- **COLLECTED MATERIAL**
▬▬▬
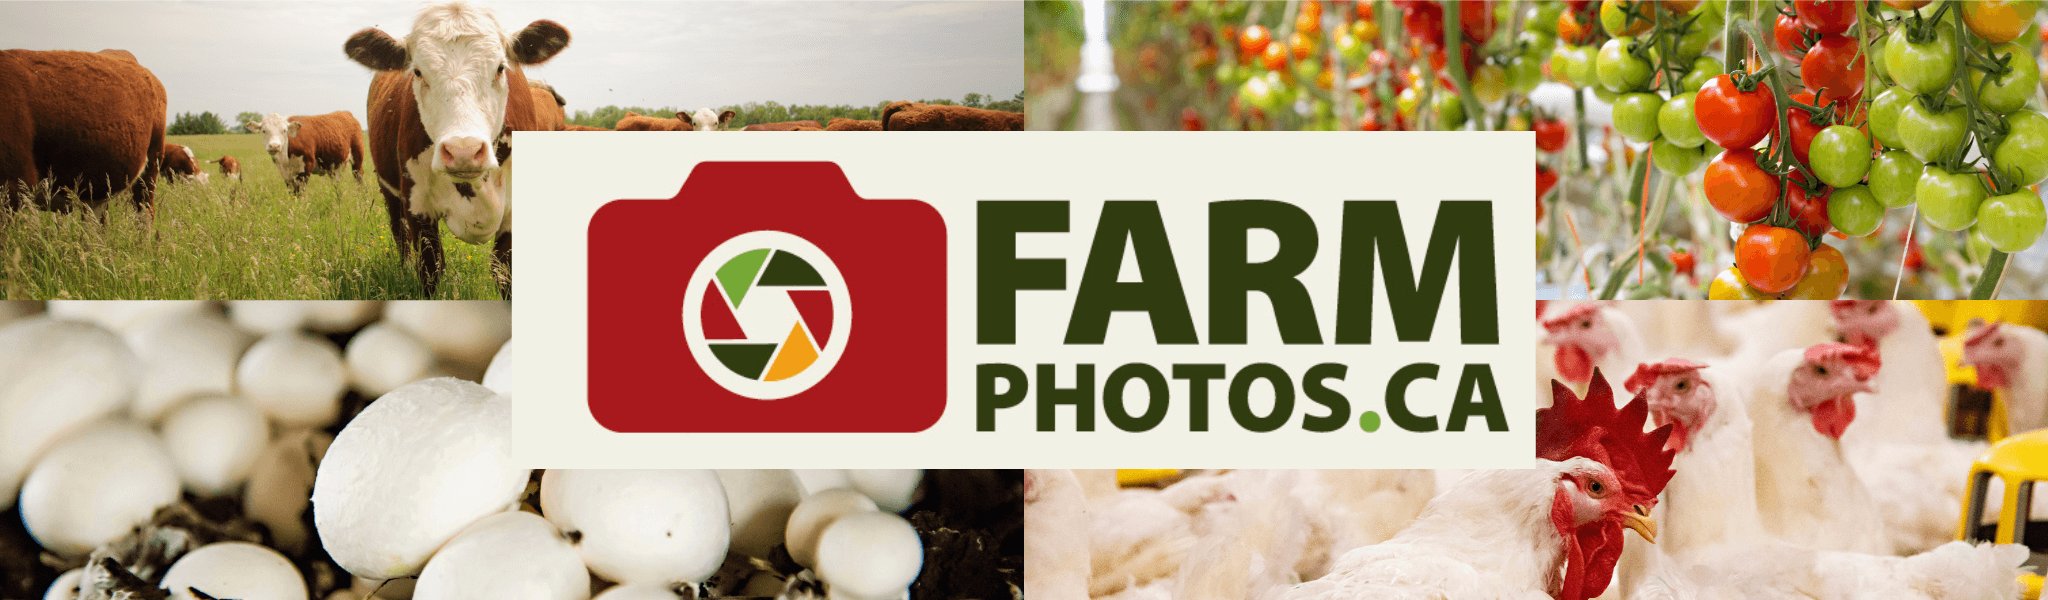 FarmPhotos.ca
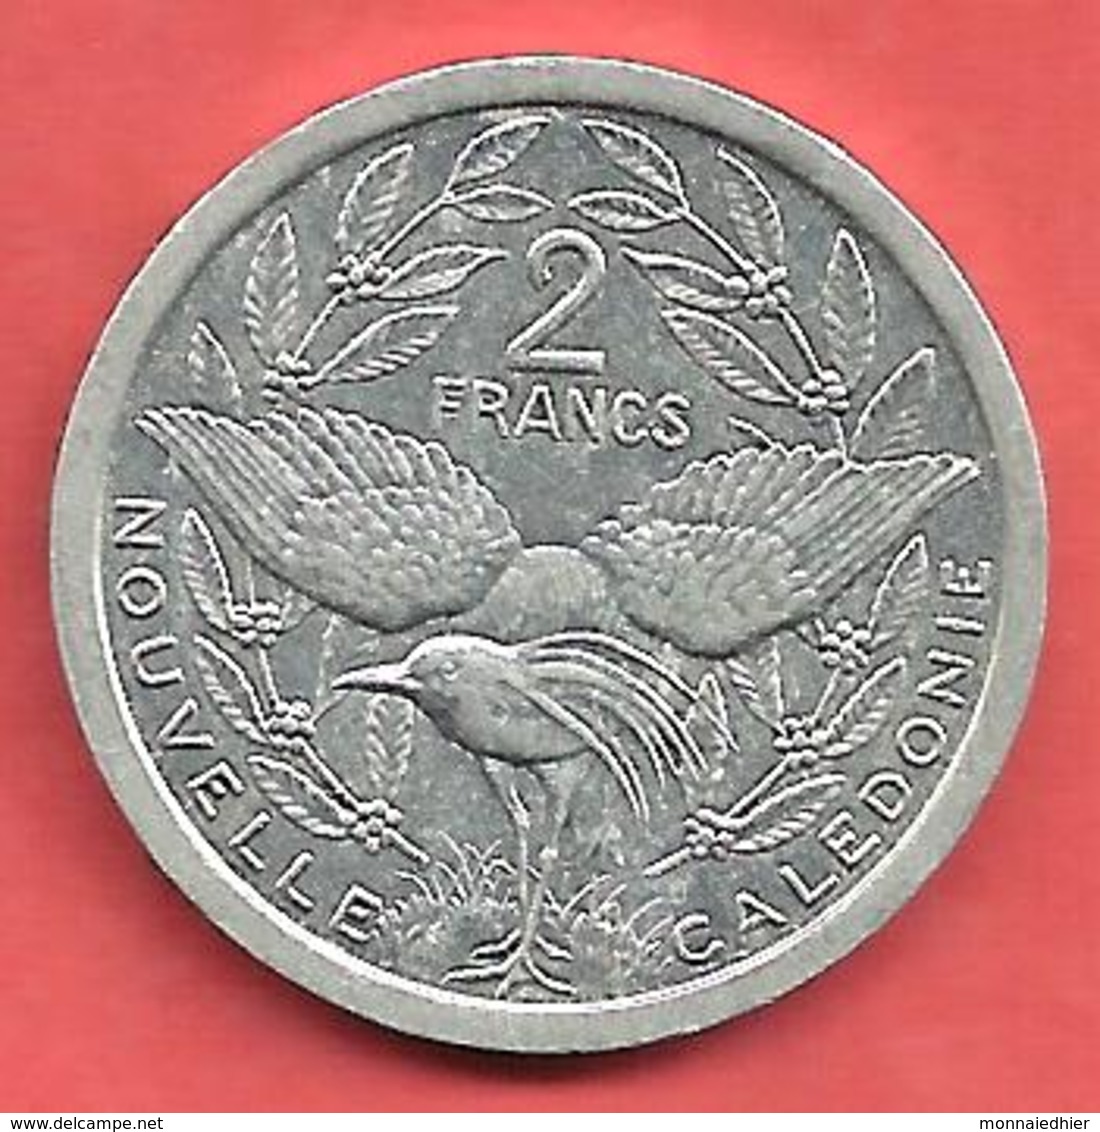 2 Francs , NOUVELLE CALEDONIE , Aluminium , 1991 , N° KM # 14 - Nouvelle-Calédonie
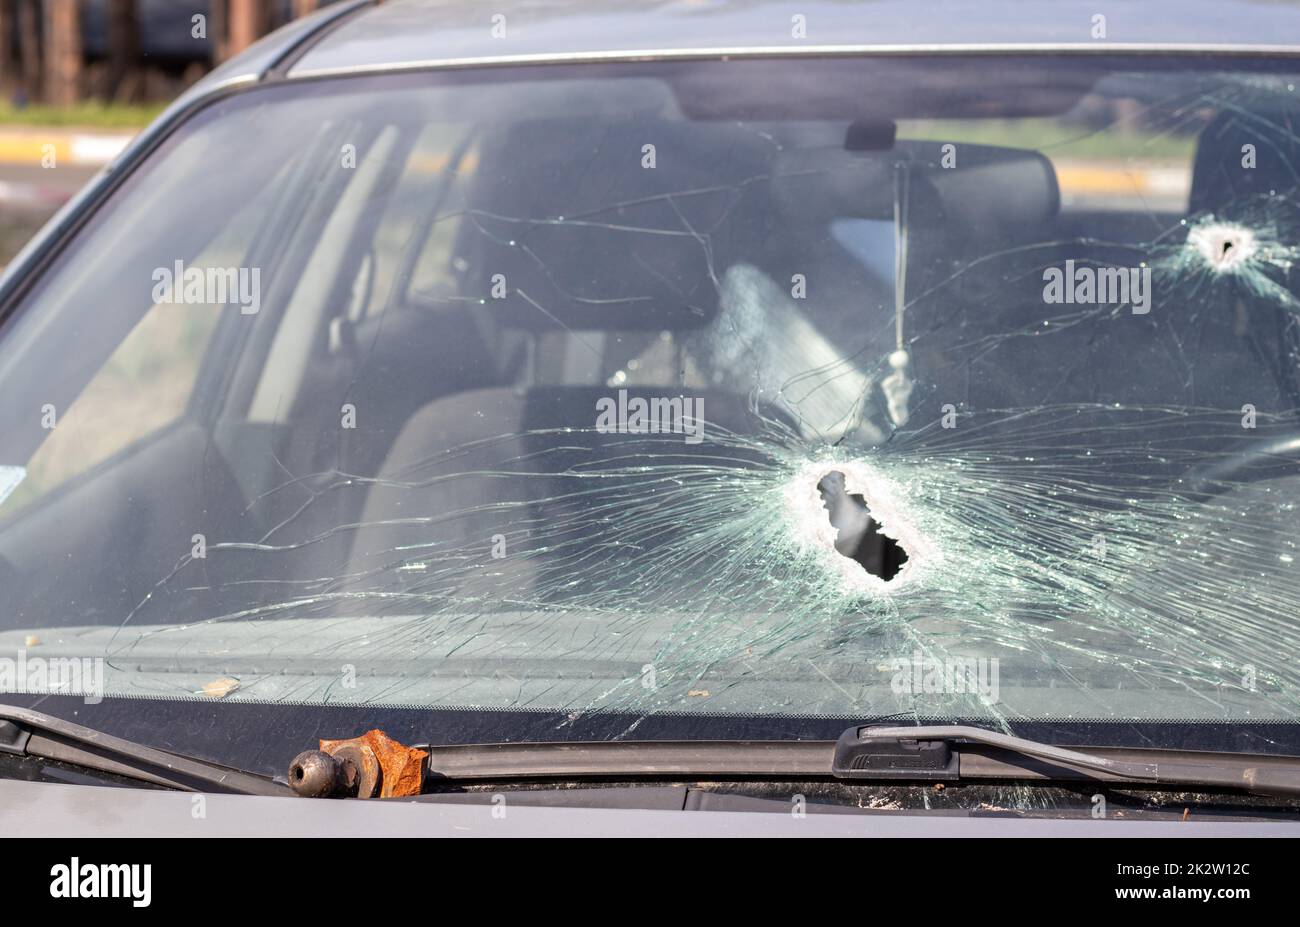 Löcher auf der Windschutzscheibe des Autos, es wurde von einer Waffe erschossen. Einschusslöcher. Zertrümmere die Windschutzscheibe, zerbrochenes und beschädigtes Auto. Die Kugel hat ein Loch im Glas zerbrochen. Stockfoto
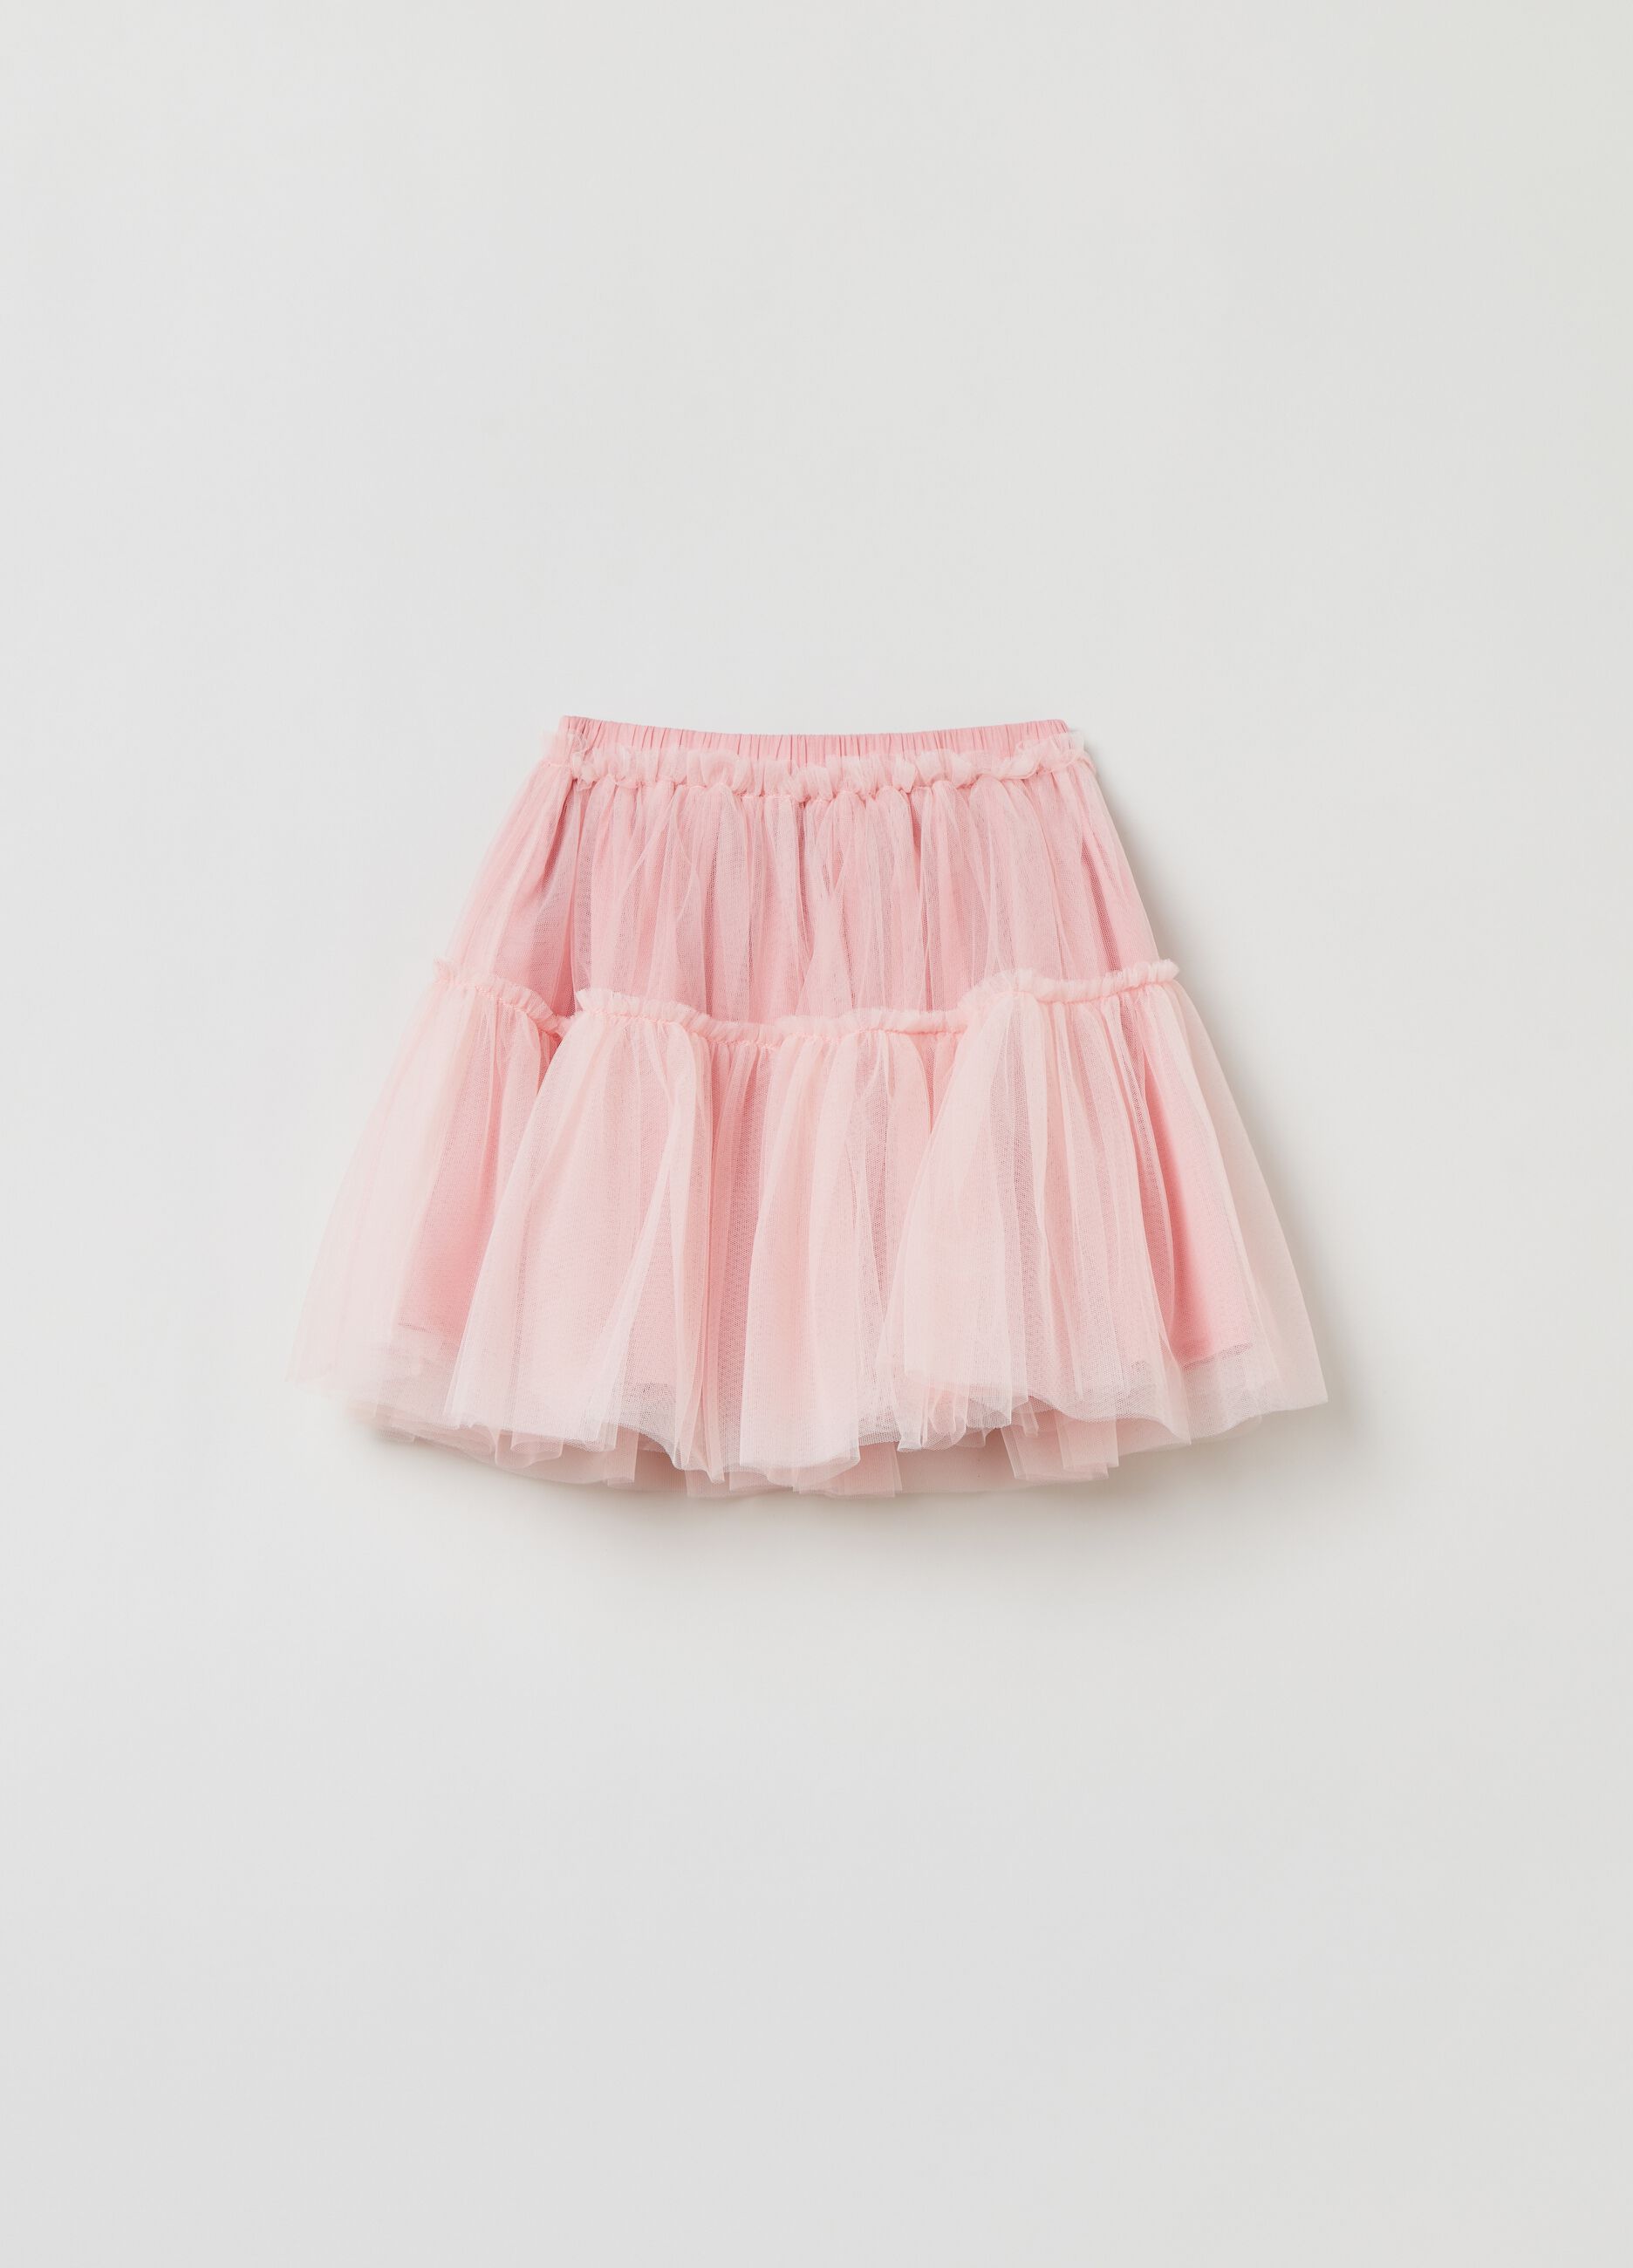 Miniskirt with tulle flounces
▬▬▬
Every line from the start of the material through the line holding "2 Francs , NOUVELLE" must be returned exactly, and the pictures must not.

- **WRITTEN ANSWER**
 FarmPhotos.ca
 2 Francs , NOUVELLE CALEDONIE , Aluminium , 1991 , N° KM # 14 - Nouvelle-Calédonie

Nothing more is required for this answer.